Repeat the data that follows in full. Do not include the pictures.

*** Recorded information Section Begins ***

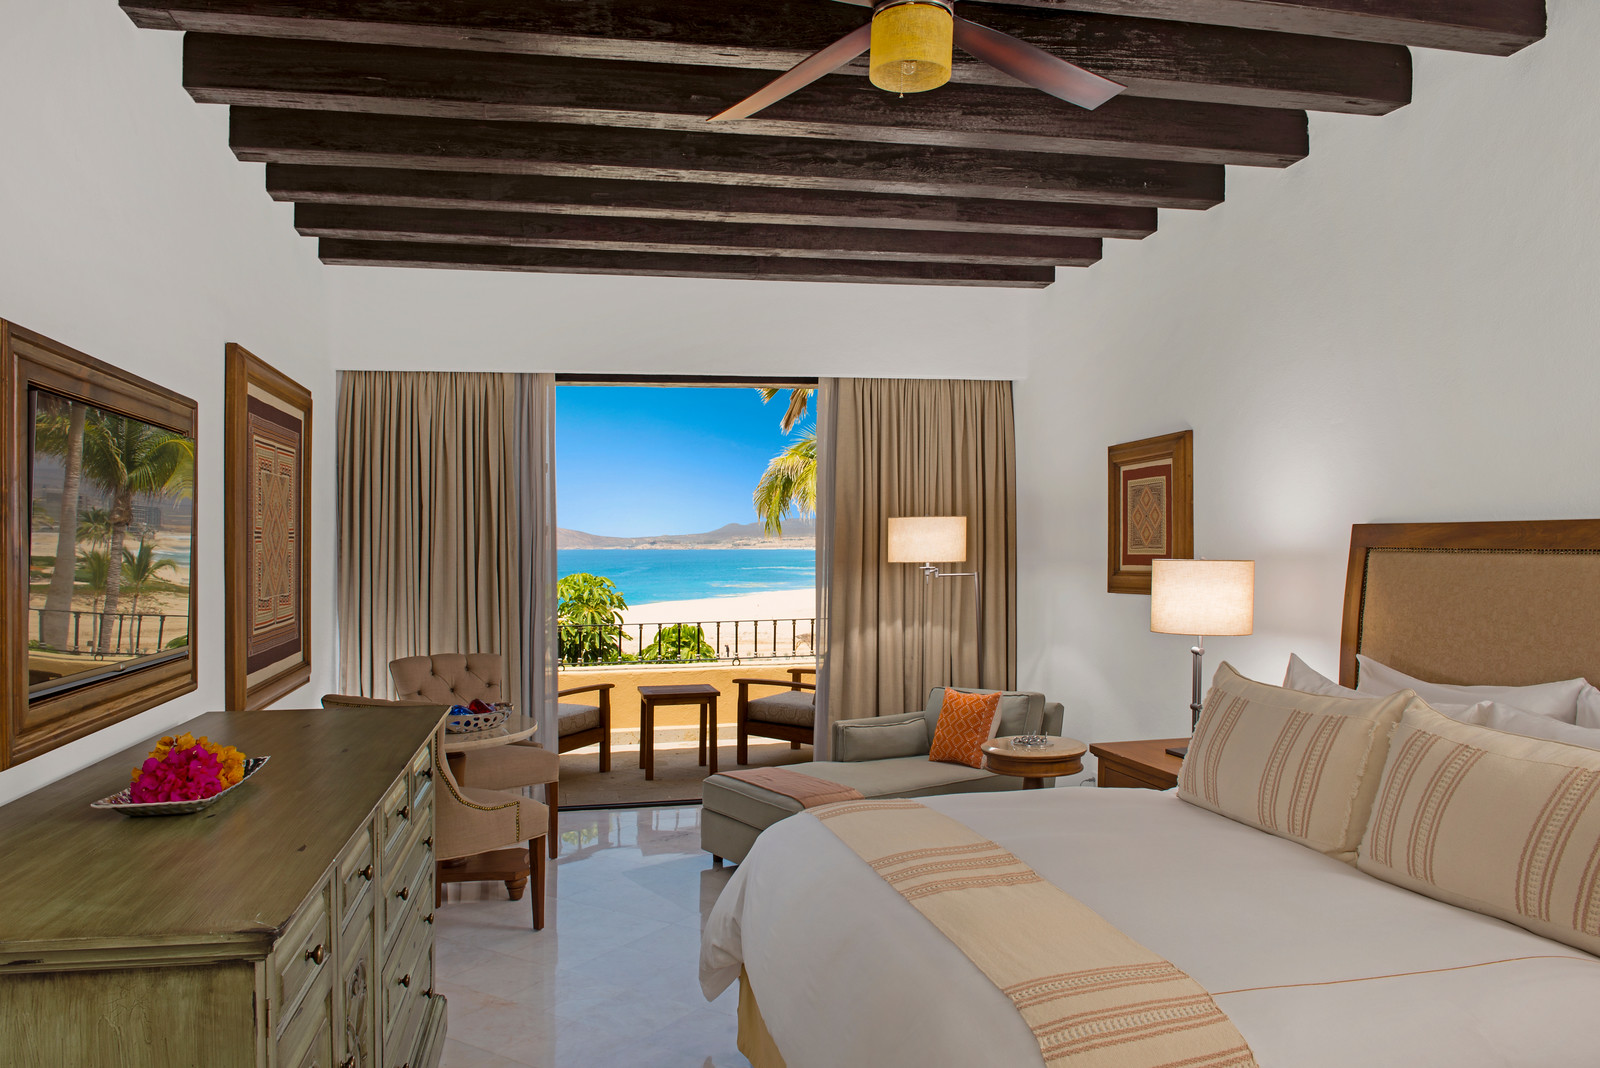  A Glimpse Inside an Ocean Front View Room. Photo Courtesy of Casa Del Mar 
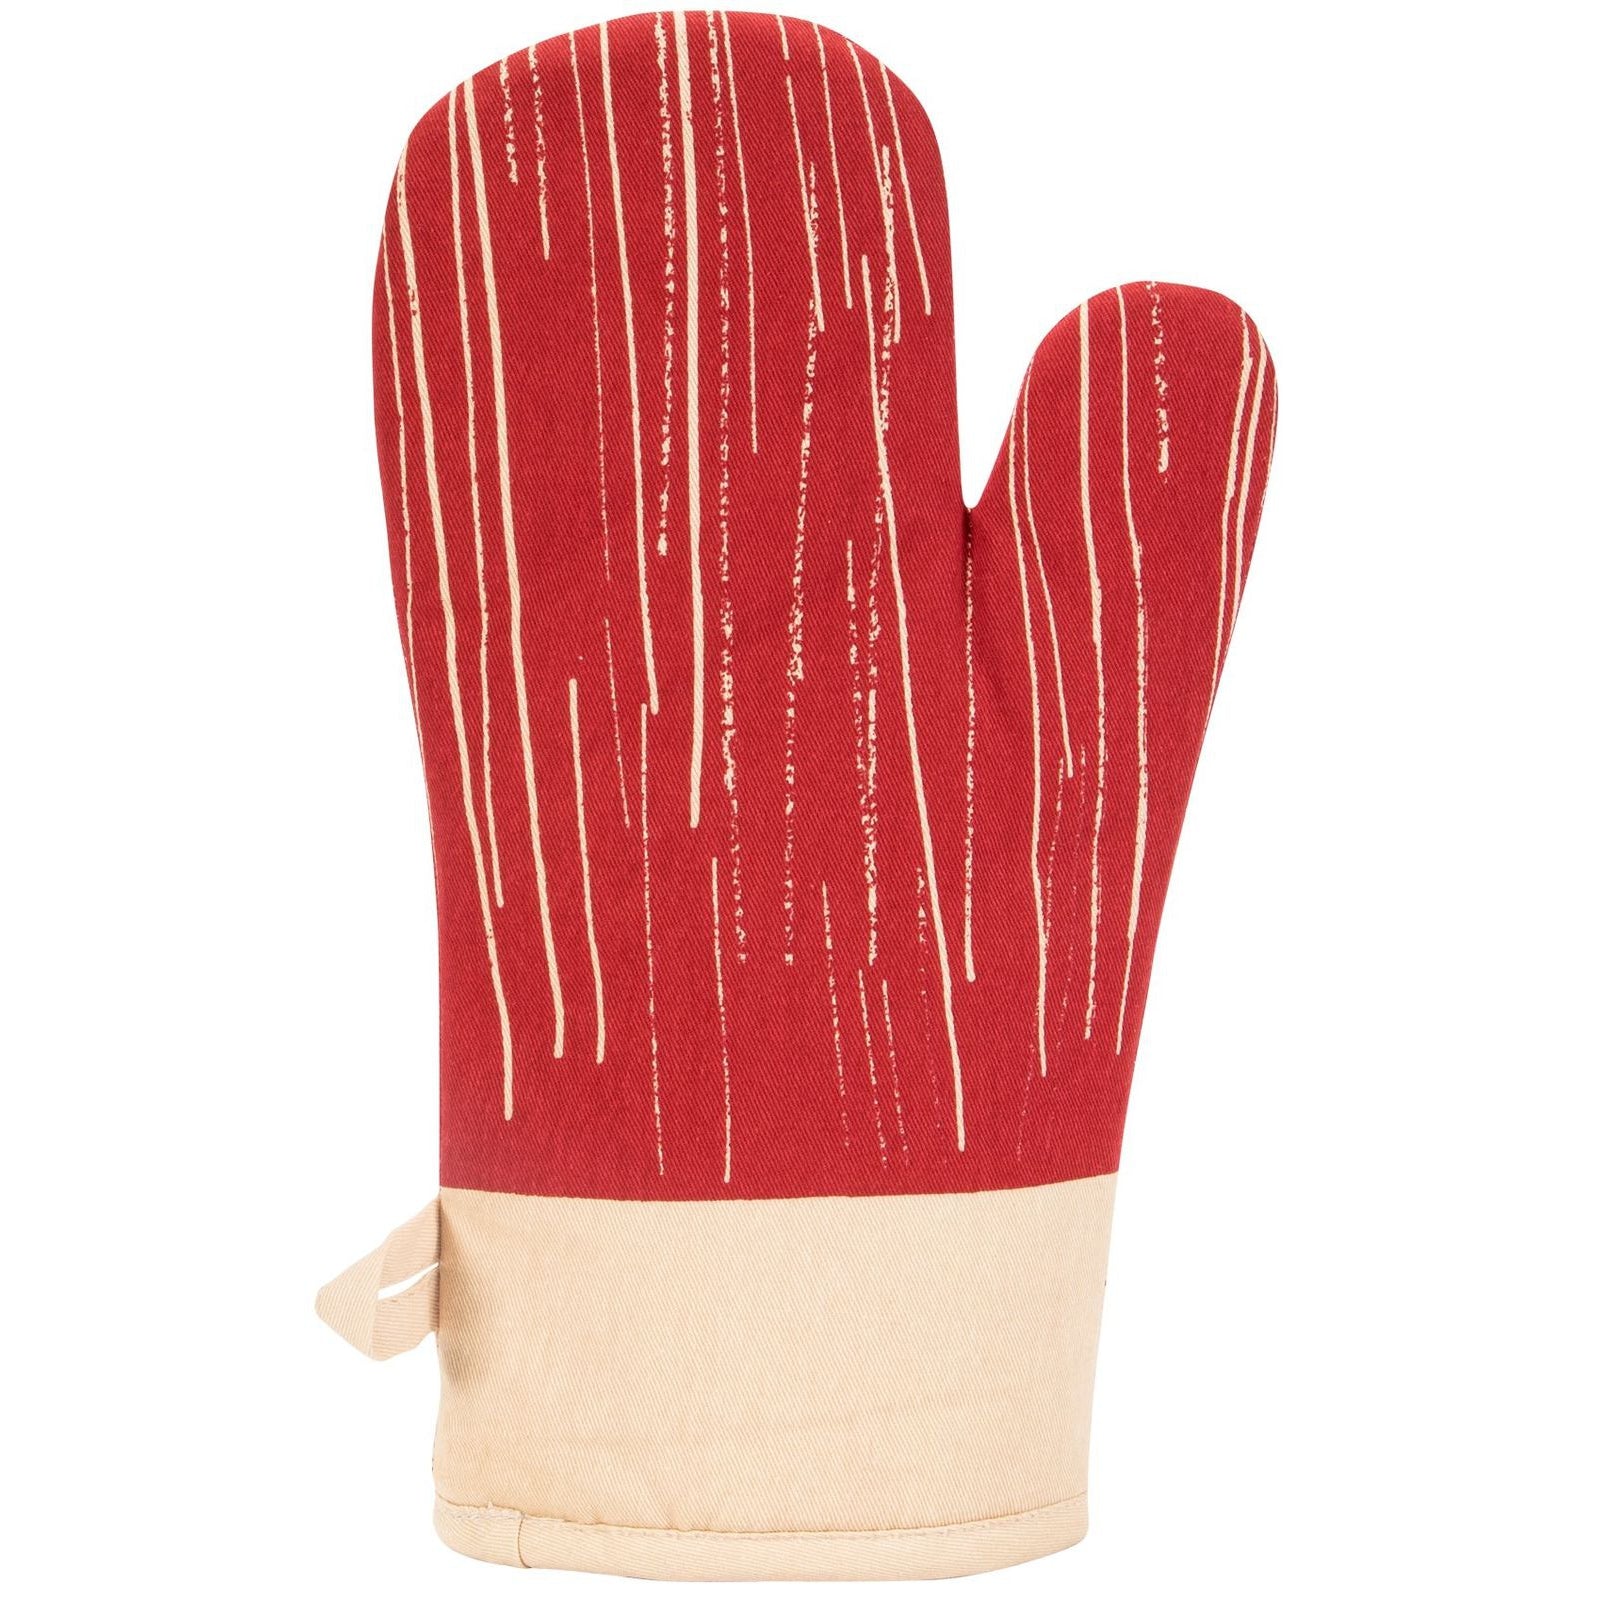 Made from Scratch Oven Mitt in Red and White Cat Design
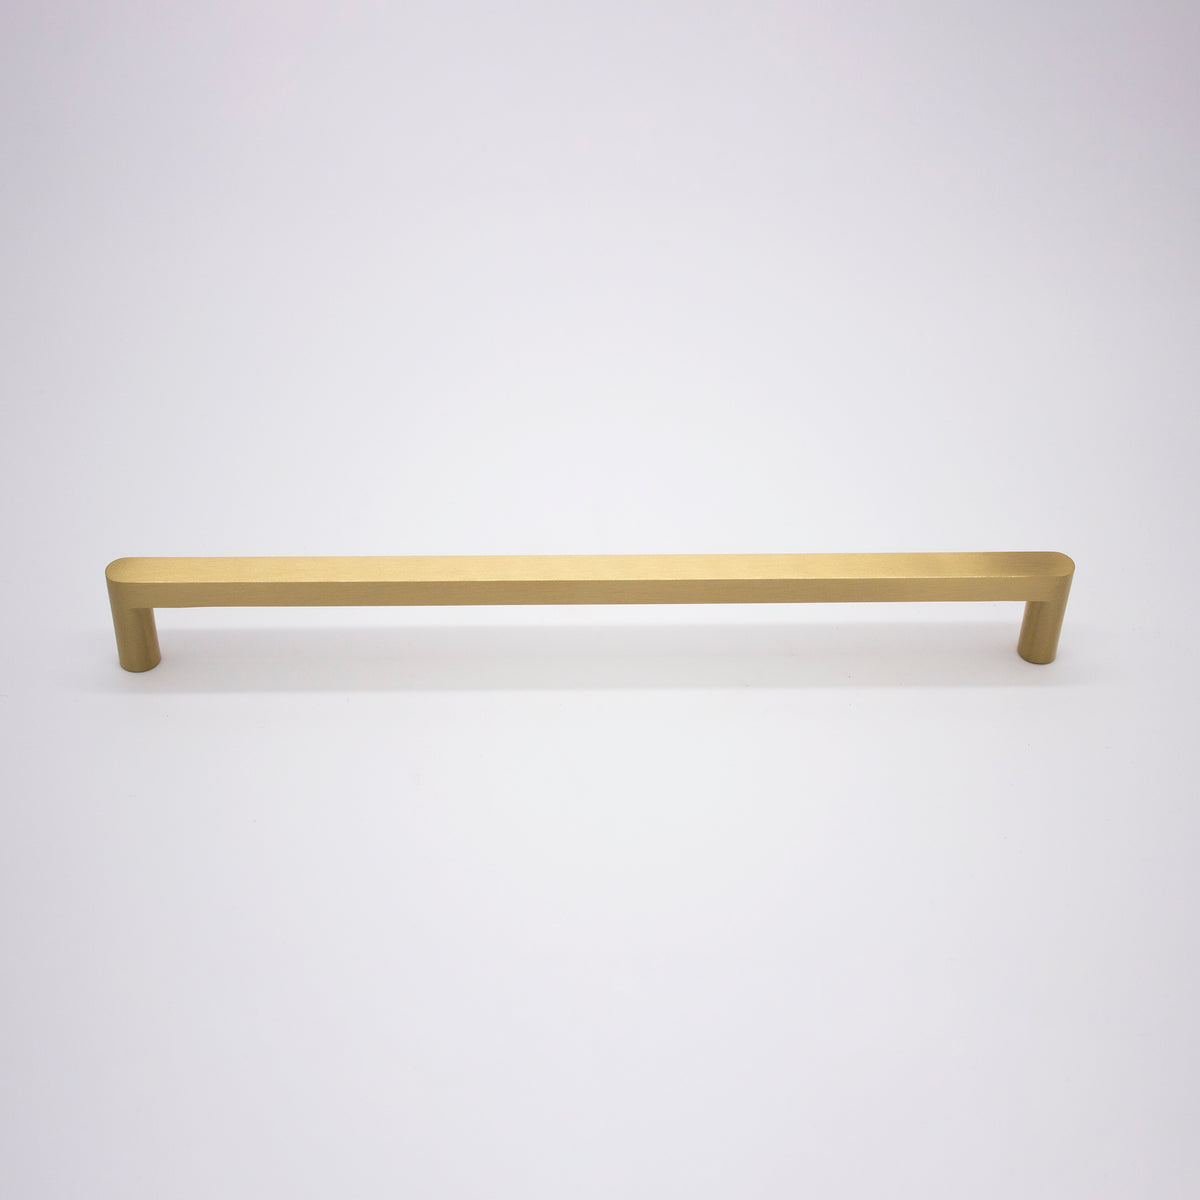 Brushed Brass Straight Profile Cabinet Pull - Clio

*** Recorded information Section Ends ***

▶ _Response below_
  A Glimpse Inside an Ocean Front View Room. Photo Courtesy of Casa Del Mar 
 Made from Scratch Oven Mitt in Red and White Cat Design
 Brushed Brass Straight Profile Cabinet Pull - Clio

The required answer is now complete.